I use the this command:
#!/bin/bash

deepspeed llava/train/train_mem.py
--lora_enable True --lora_r 128 --lora_alpha 256 --mm_projector_lr 2e-5
--deepspeed ./scripts/zero3.json
--model_name_or_path ./llava-med-v1.5-mistral-7b
--version v1
--data_path ./dataSlake/train.json
--image_folder ./dataSlake/imgs
--vision_tower openai/clip-vit-large-patch14-336
--mm_projector_type mlp2x_gelu
--mm_vision_select_layer -2
--mm_use_im_start_end False
--mm_use_im_patch_token False
--image_aspect_ratio pad
--group_by_modality_length True
--bf16 True
--output_dir ./checkpoints/llava-version1
--num_train_epochs 1
--per_device_train_batch_size 4
--per_device_eval_batch_size 4
--gradient_accumulation_steps 1
--evaluation_strategy "no"
--save_strategy "steps"
--save_steps 50000
--save_total_limit 1
--learning_rate 2e-4
--weight_decay 0.
--warmup_ratio 0.03
--lr_scheduler_type "cosine"
--logging_steps 1
--tf32 True
--model_max_length 2048
--gradient_checkpointing True
--dataloader_num_workers 2
--lazy_preprocess True
--report_to wandb

after that I merged the output model and the base model to get weights with the code in the link below
https://github.com/haotian-liu/LLaVA/blob/main/scripts/merge_lora_weights.py

then I could use fine tuned model to eval.

you can ask your further questions via my email if you need help.

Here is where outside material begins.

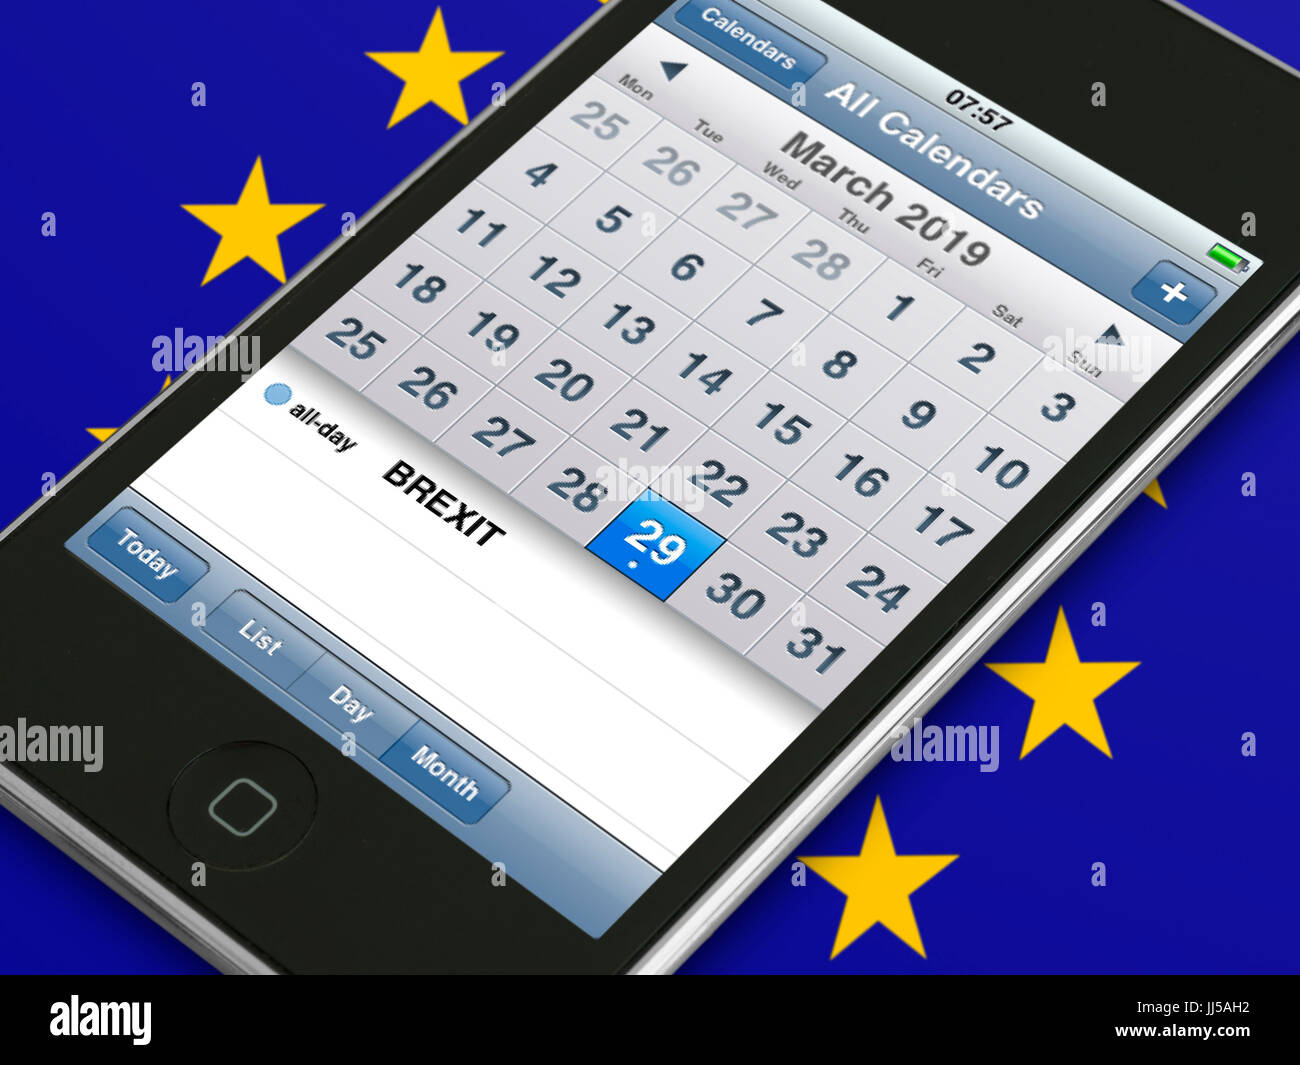 Dispositivo de telefonía móvil que muestra el calendario de eventos diario Brexit fecha cuando el Reino Unido se debe dejar a la UE La Unión Europea ("día de la independencia") Foto de stock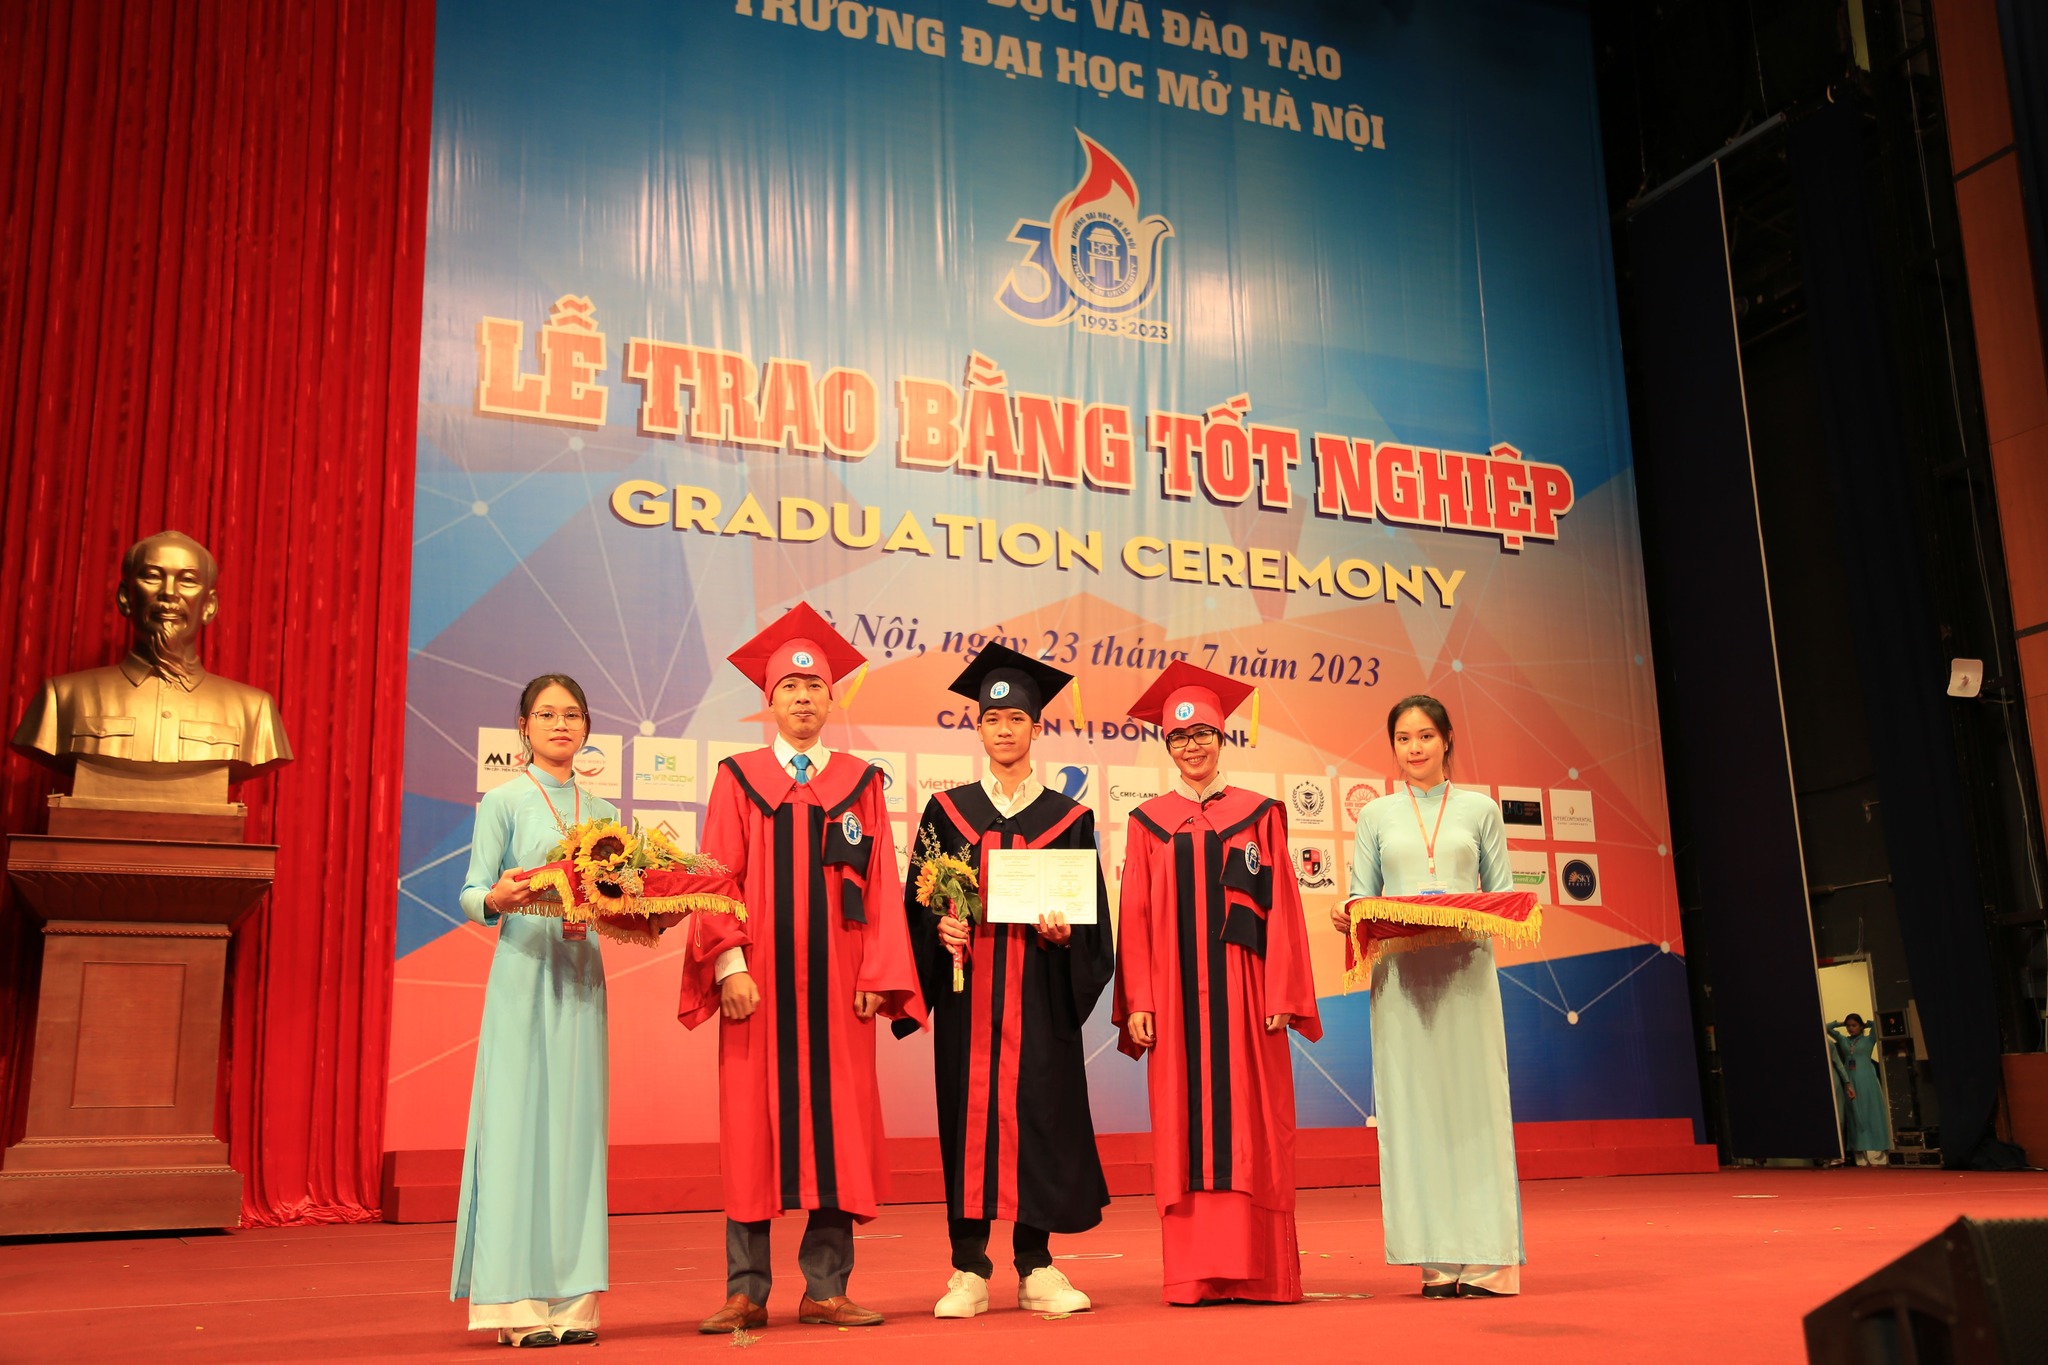 Điểm chuẩn Đại học Mở Hà Nội năm 2023 chính xác

@thedaffodil I am here https://huggingface.co/microsoft/llava-med-v1.5-mistral-7b/tree/main Download the model from above and fine tune it with your script. The result shows that you are using a model of type llava_stistral to instruct a model of type llava_1lama This is not supported for all configurations of models and can yield errors.
You are attempting to use Flash Attention 2.0 with a model not initialized on GPU. Make sure to move the model to GPU after initializing it on CPU with model.to('cuda')
And torch.distributed.elastic.multiprocesse.errors ChildFailedError:

llava/train/train_mem.py FAILED

Failures:
[1]:
time : 2024-08-20_07:47:25
host : 9c813e5131ac
rank : 1 (local_rank: 1)
exitcode : -7 (pid: 1044)
error_file: <N/A>
traceback : Signal 7 (SIGBUS) received by PID 1044
[2]:
time : 2024-08-20_07:47:25
host : 9c813e5131ac
rank : 2 (local_rank: 2)
exitcode : -7 (pid: 1045)
error_file: <N/A>
traceback : Signal 7 (SIGBUS) received by PID 1045
[3]:
time : 2024-08-20_07:47:25
host : 9c813e5131ac
rank : 3 (local_rank: 3)
exitcode : -7 (pid: 1046)
error_file: <N/A>
traceback : Signal 7 (SIGBUS) received by PID 1046

Root Cause (first observed failure):
0
time : 2024-08-20_07:47:25
host : 9c813e5131ac
rank : 0 (local_rank: 0)
exitcode : -7 (pid: 1043)
error_file: <N/A>
traceback : Signal 7 (SIGBUS) received by PID 1043

while you are fine-tuning, your output model folder name should consist "finetune" not "llava".

while you are merging, your output folder name should consist "llava"

while you are fine-tuning, your output model folder name should consist "finetune" not "llava".

while you are merging, your output folder name should consist "llava"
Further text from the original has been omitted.